程式設計在工程領域中是一個重要的技能與課程，有文獻指出程式設計過程包含問題解決歷程，所以程式設計的學習跟問題解決是相輔相成的。有許多文獻利用自我解釋學習策略來幫助問題解決歷程，其中程式設計的問題解決歷程包含「了解問題」與「尋找解決問題的方法」的兩大階段，而自我解釋的新舊概念的整合和促進推論的產生幫助問題解決兩大階段的完成。自我解釋就是學習者在閱讀文章的過程中，為了補充句子之敘述所提出的推論並澄清或建立某些概念。不論推論大小、完整與否、正確與否，都算是自我解釋的一部分。在使用自我解釋策略時，學習者在學習程式的時候往往會產生不正確的自我解釋，此時沒有即時回饋教材修正學習者的概念，往往會讓學習者建構不正確的概念，可能阻礙學習者後續的學習。所以一個使用自我解釋的學習系統必須要有完善的回饋機制才能有效地幫助使用者自我學習。
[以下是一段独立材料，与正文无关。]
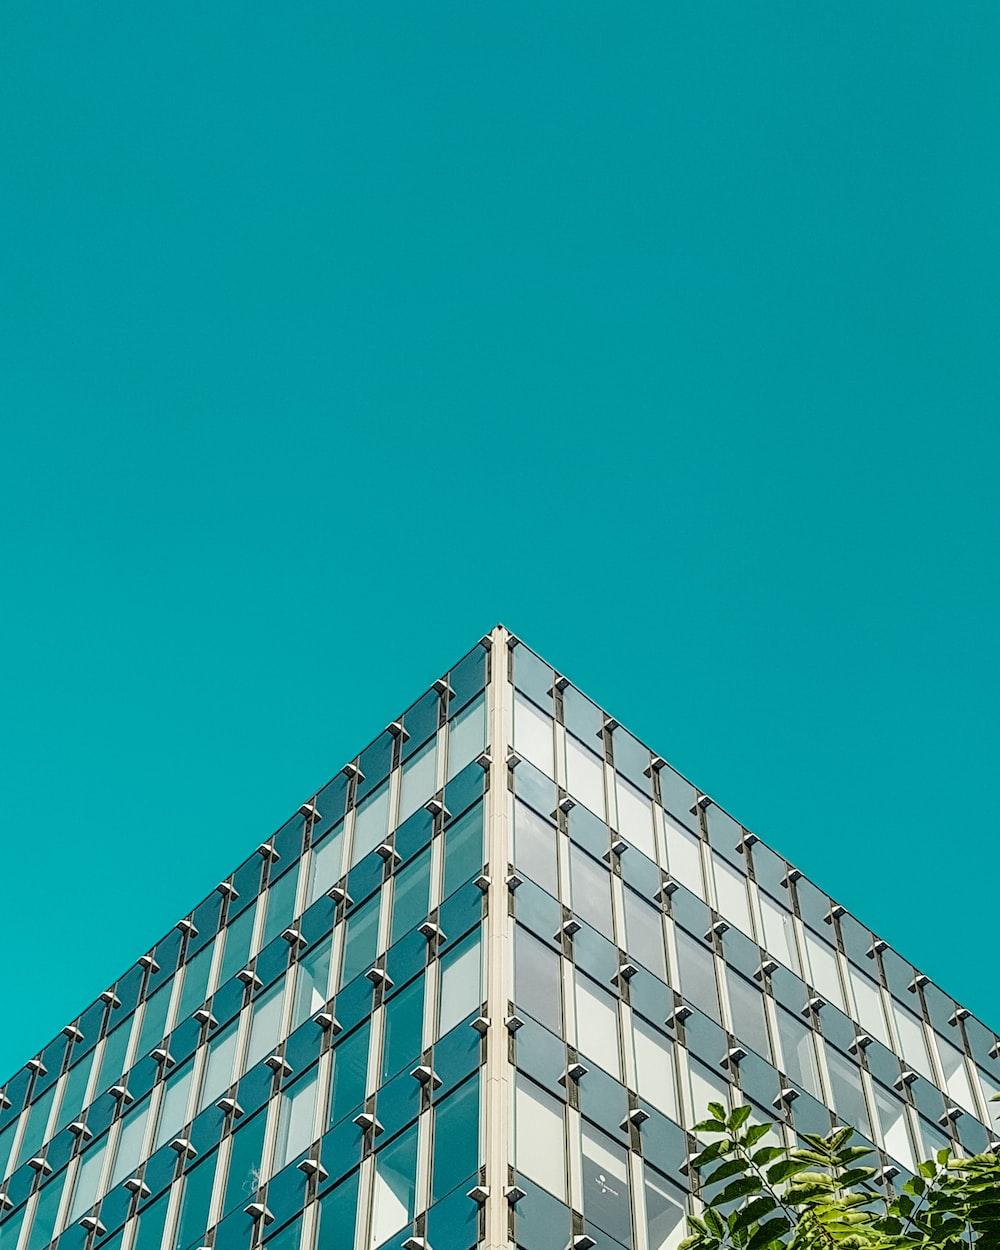 gray concrete building under teal sky
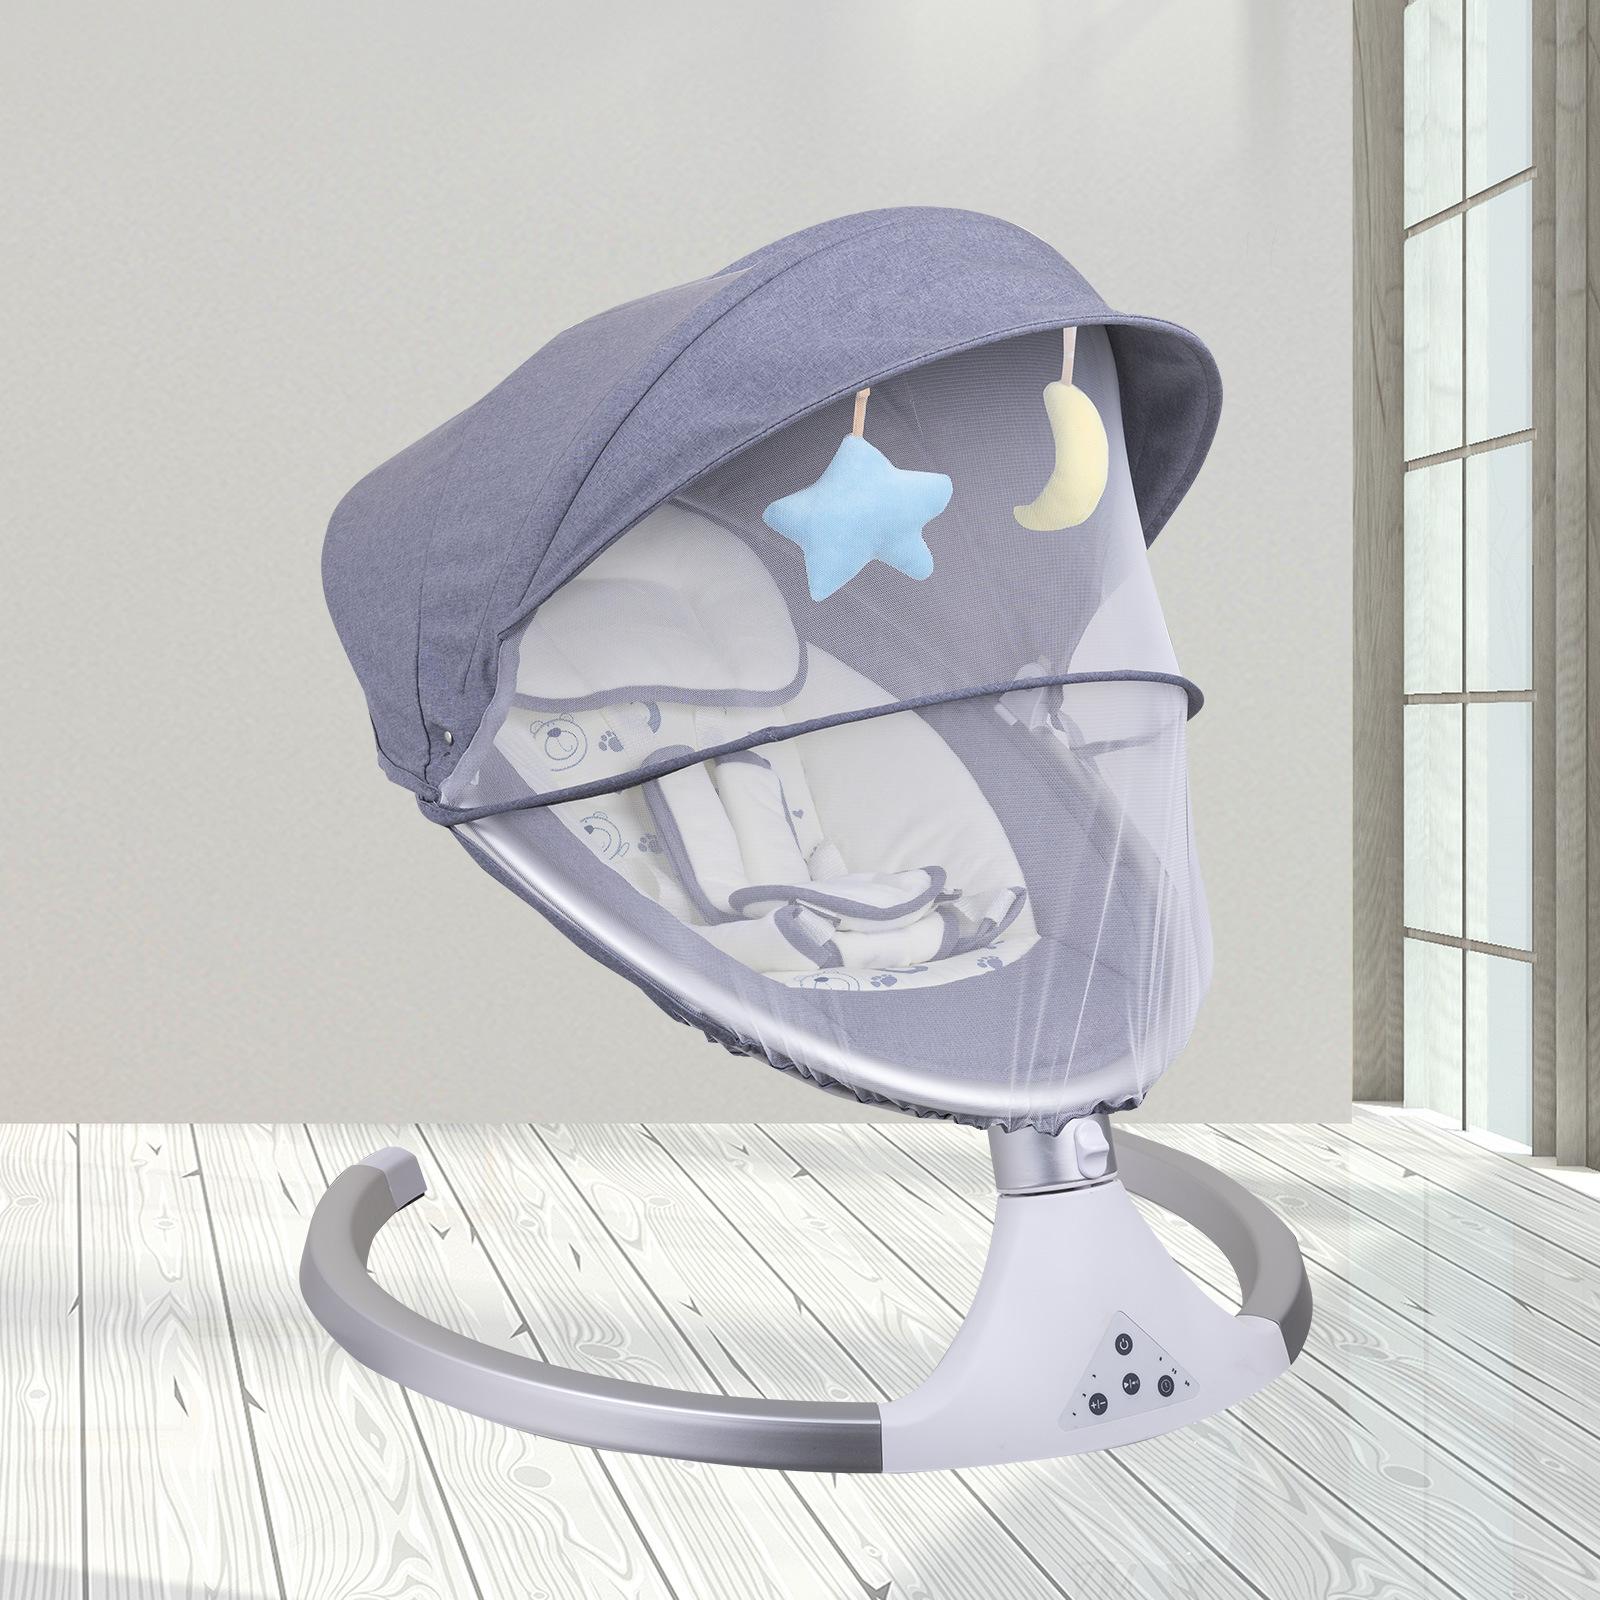 Coax baby artifact baby BB كرسي هزاز كهربائي مبيعات المصنع مباشرة جديد الذكية بلوتوث مهد سرير كهربائي

本研究接續先前的程式語法導正系統的研究及成果，並將之結合自我解釋學習策略來開發出一套線上程式語言學習系統。系統可讓學習者觀察程式錯誤類型相關的範例與自己程式碼的異同後，進行理解與比較並提出自我解釋，促進學習者反思，進而推論其程式碼錯誤原因。本研究並經由實際的程式撰寫先導實驗來蒐集學習者的自我解釋內容與經常犯錯的程式錯誤類型，經整理分析並且建構出C++程式迷思概念的本體論。透過系統本體論與自然語言處理的方式可以自動化診斷學習者自我解釋內容正確與否，並且適時推薦引導教材。實驗設計找本校工科系13位學生來實際使用本系統來編寫程式，透過學生編寫程式過程記錄其編寫程式歷程，後續人工分析系統準確率。而本研究所開發的研究方法平均準確率達到82.7%與人工判斷相同的準確率。由此可以證明，本系統所開發的演算法和系統架構可以應用在其他領域使用開放式自我解釋策略的研究上。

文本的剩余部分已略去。